Provided data =
______________________________
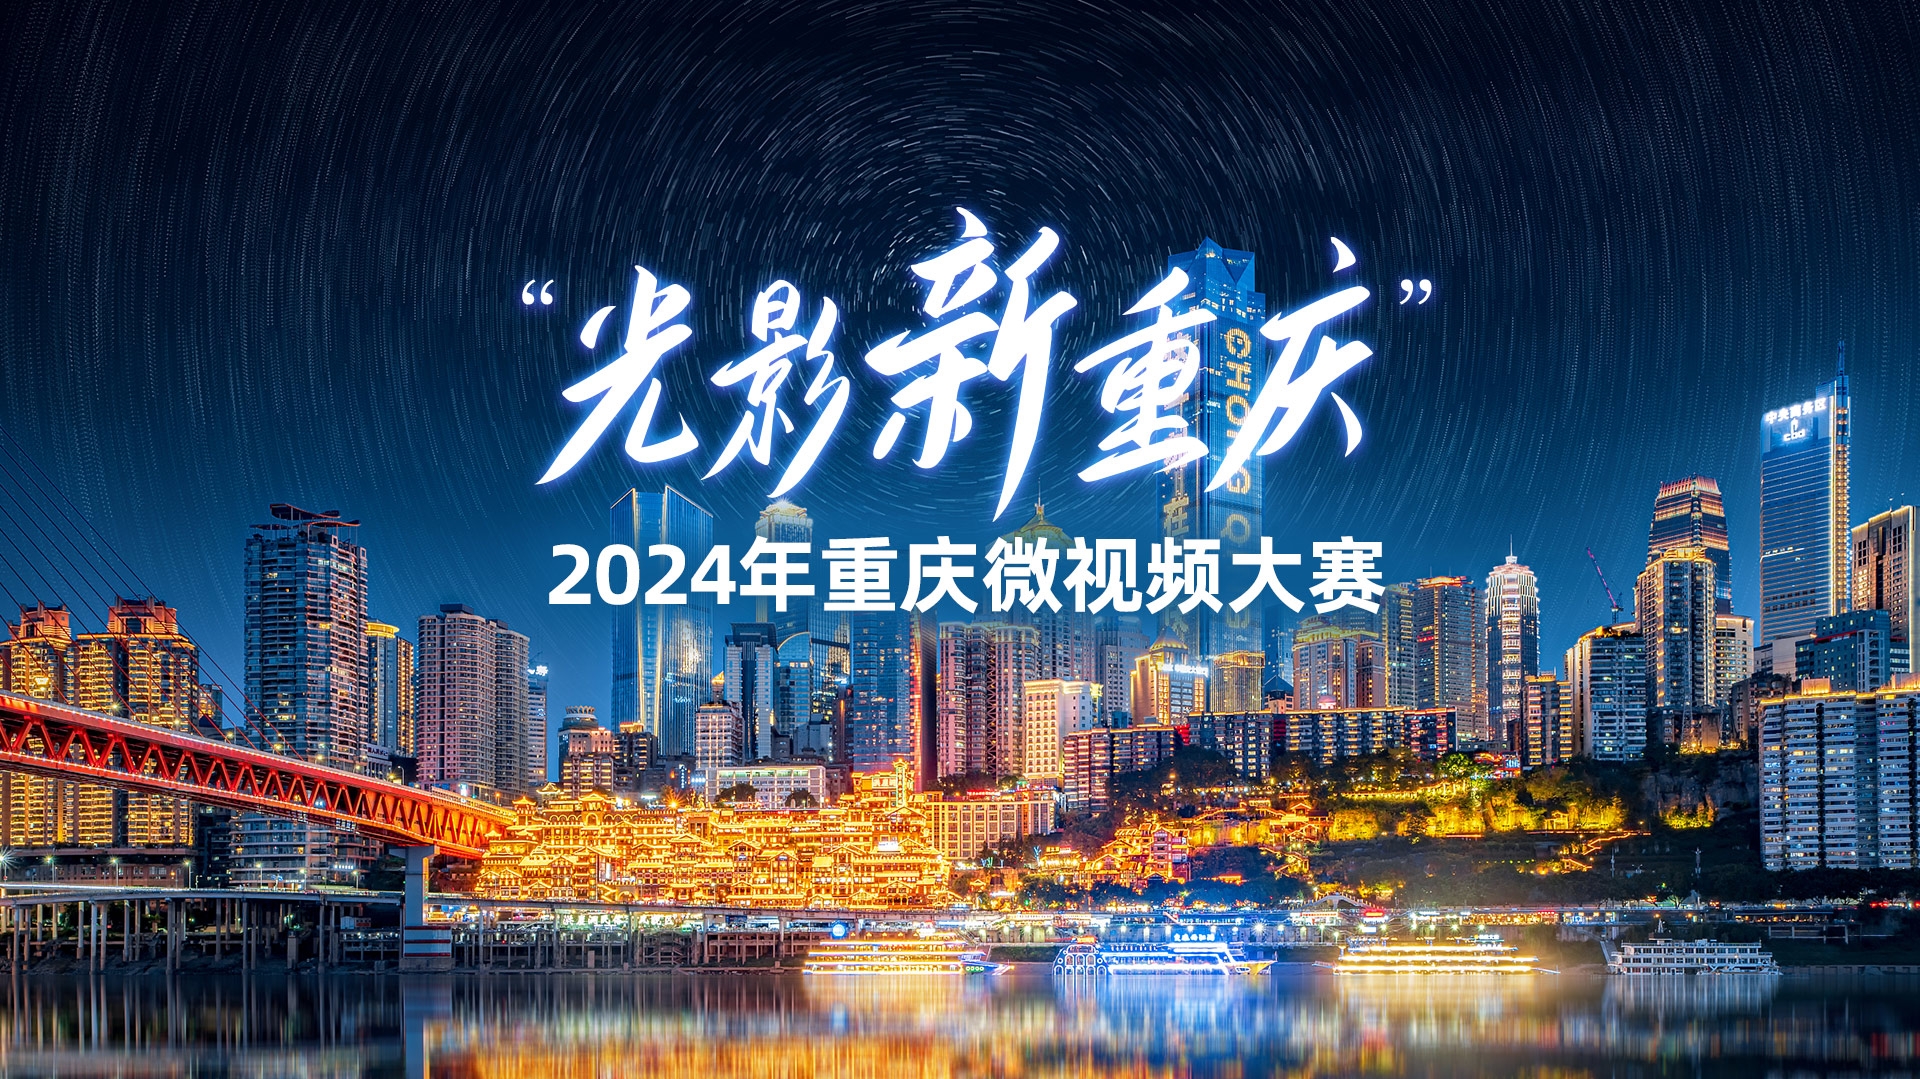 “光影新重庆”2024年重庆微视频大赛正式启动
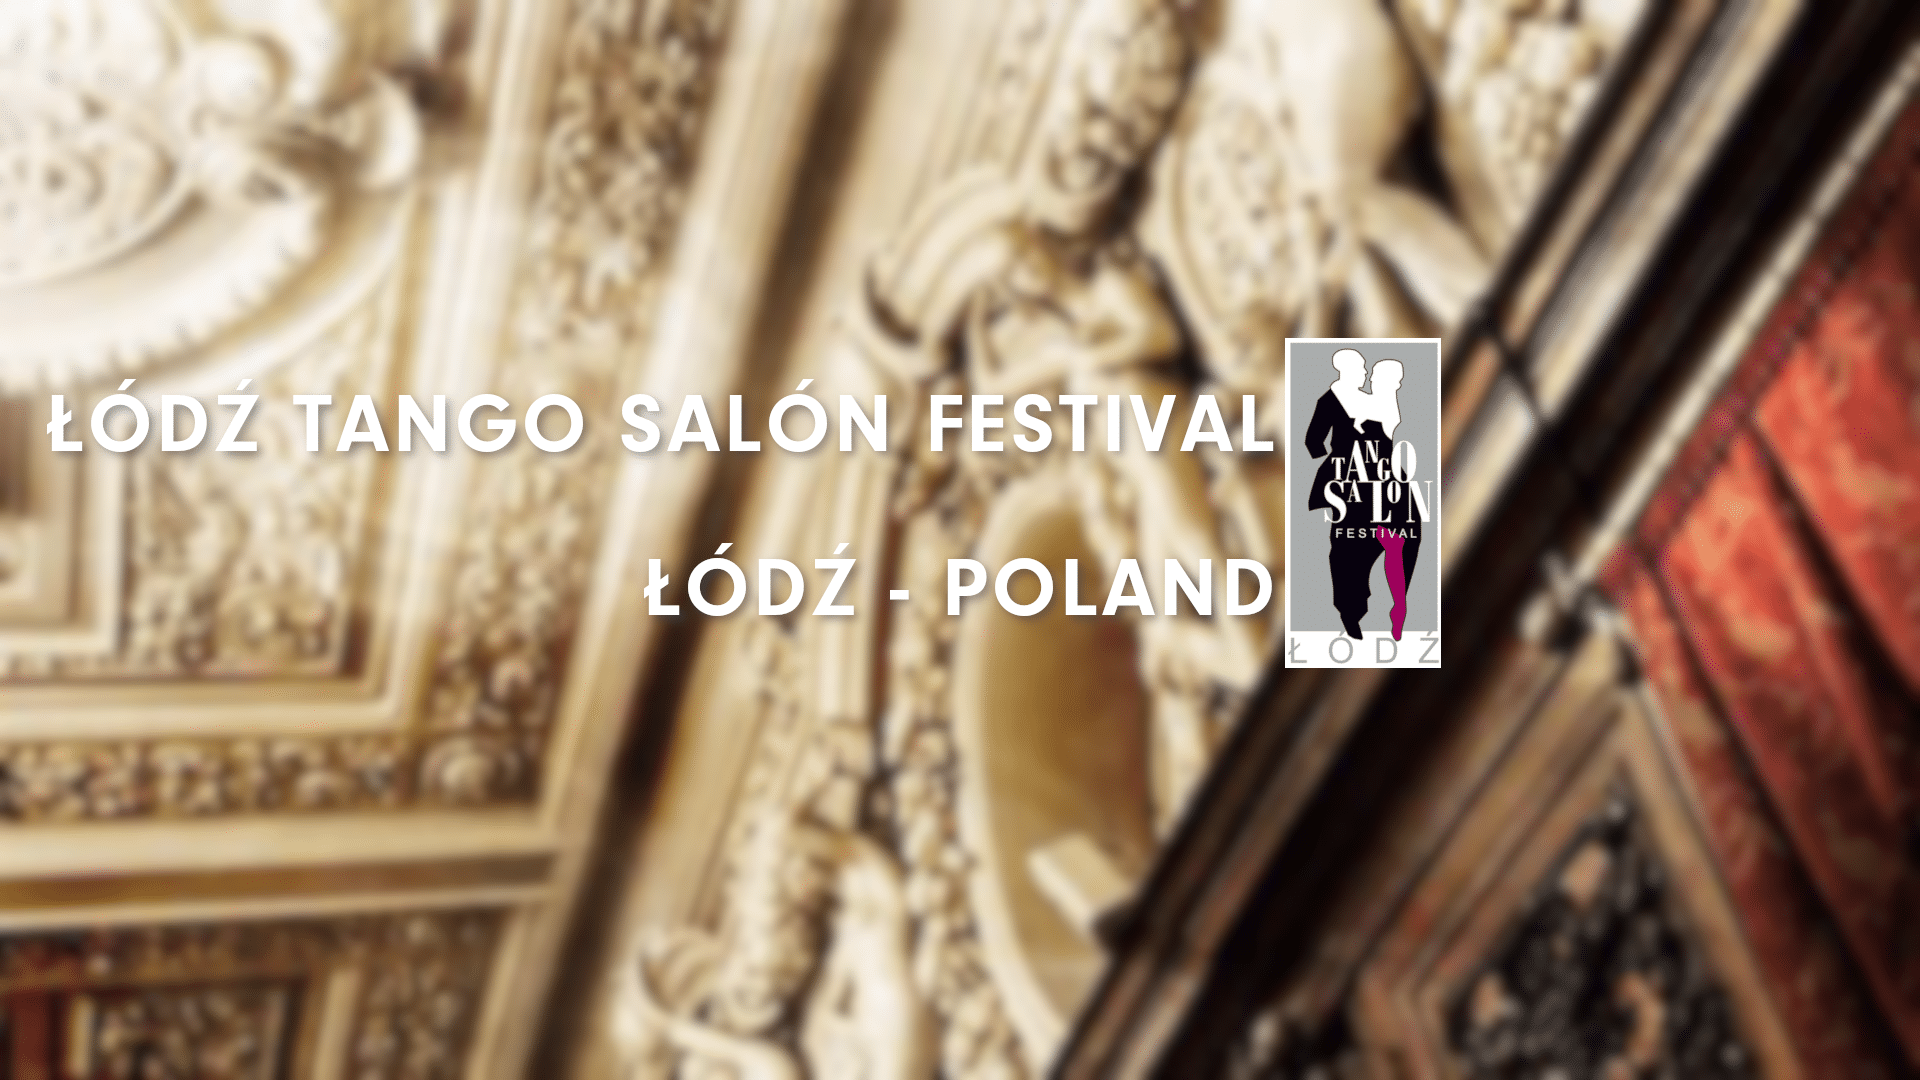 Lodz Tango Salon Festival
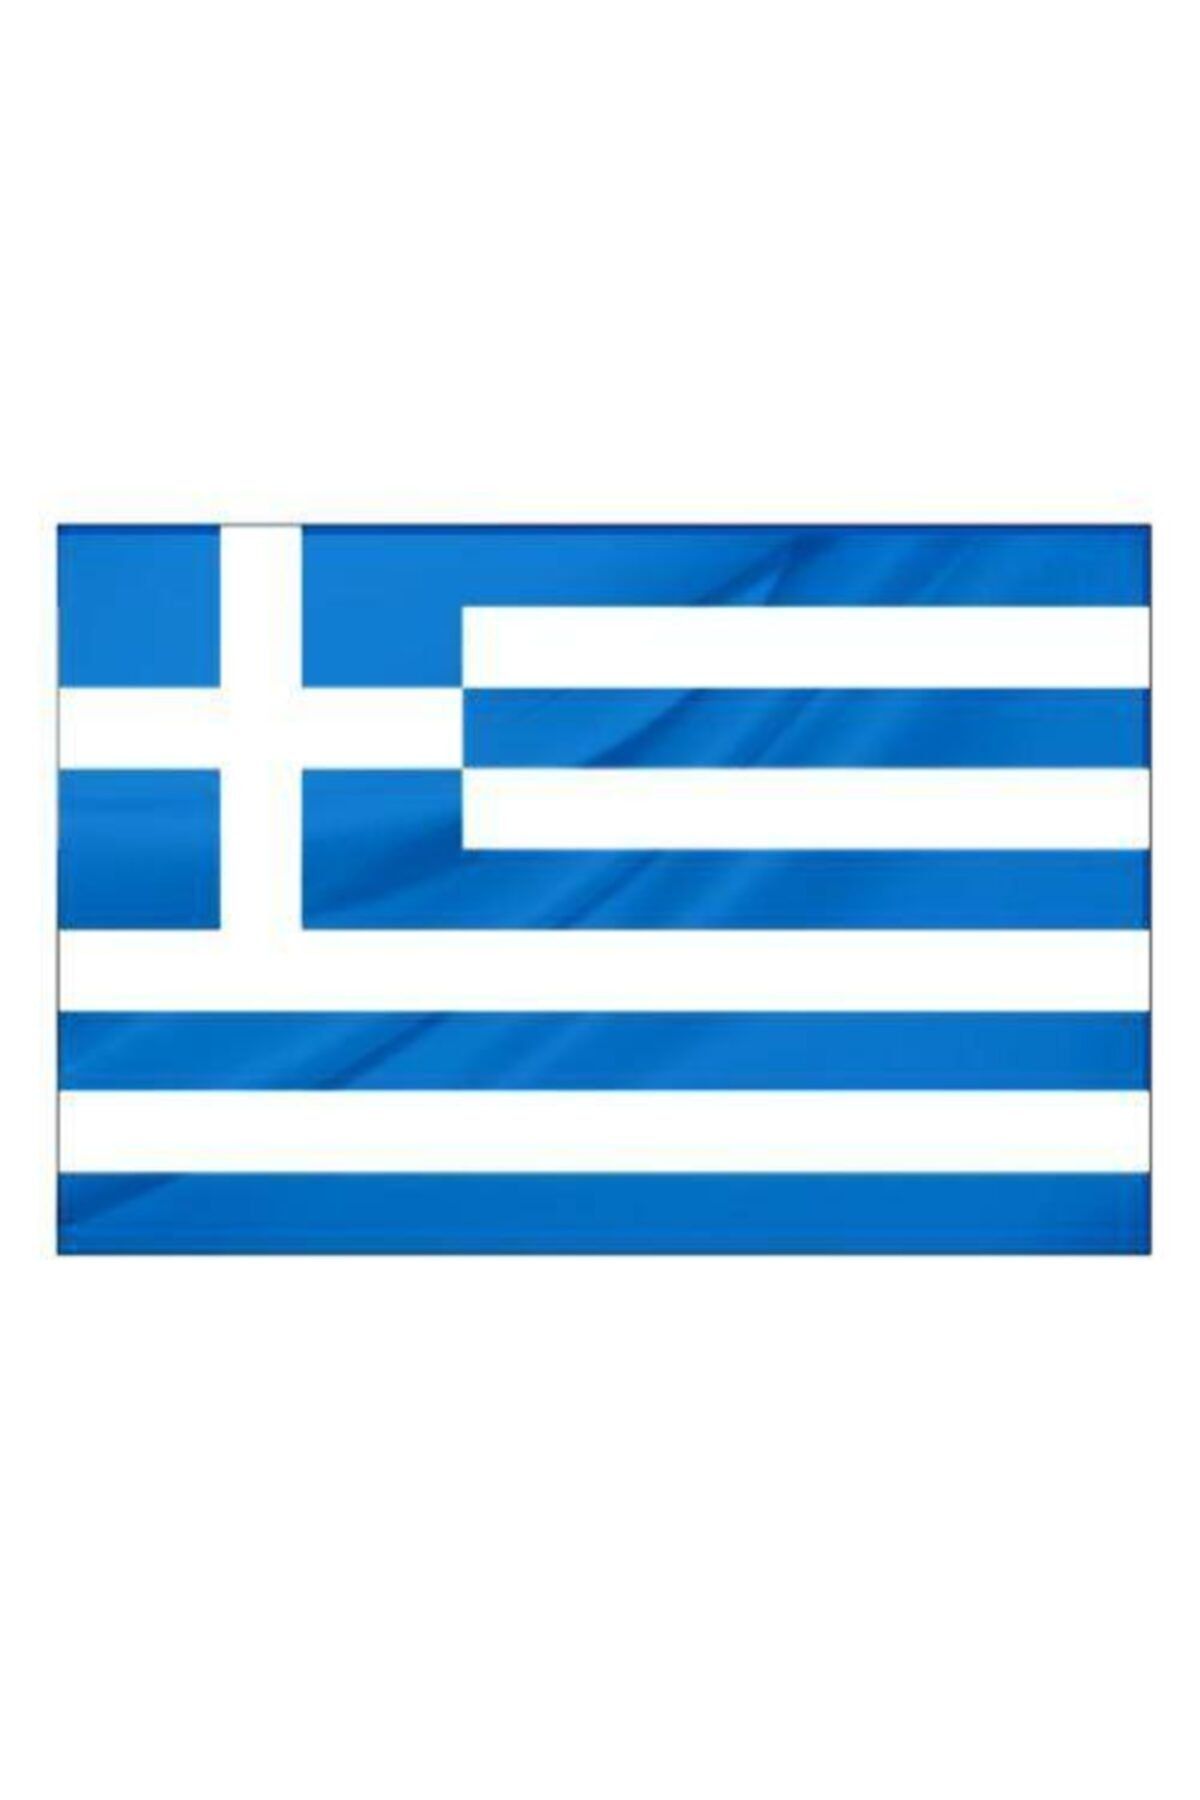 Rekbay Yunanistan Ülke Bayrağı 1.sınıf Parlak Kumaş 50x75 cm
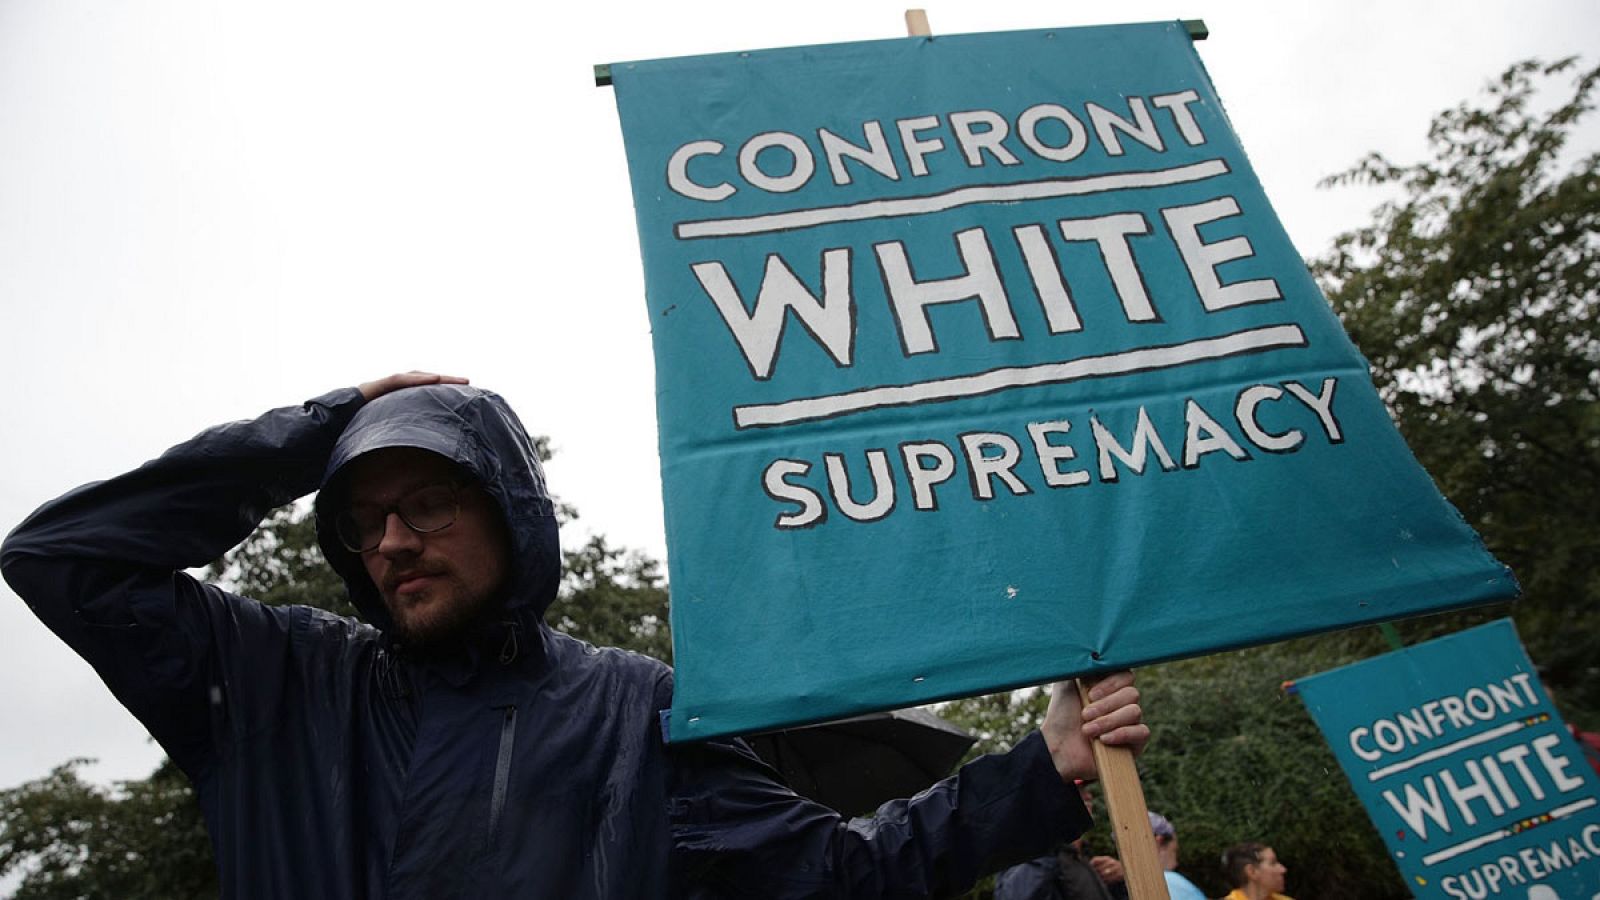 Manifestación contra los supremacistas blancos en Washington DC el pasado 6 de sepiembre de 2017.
______________________________
Work item =
When copying, output the data exactly and leave out the pictures.

Solved exercise =
 “光影新重庆”2024年重庆微视频大赛正式启动
 Lodz Tango Salon Festival
 Rekbay Yunanistan Ülke Bayrağı 1.sınıf Parlak Kumaş 50x75 cm
 Manifestación contra los supremacistas blancos en Washington DC el pasado 6 de sepiembre de 2017.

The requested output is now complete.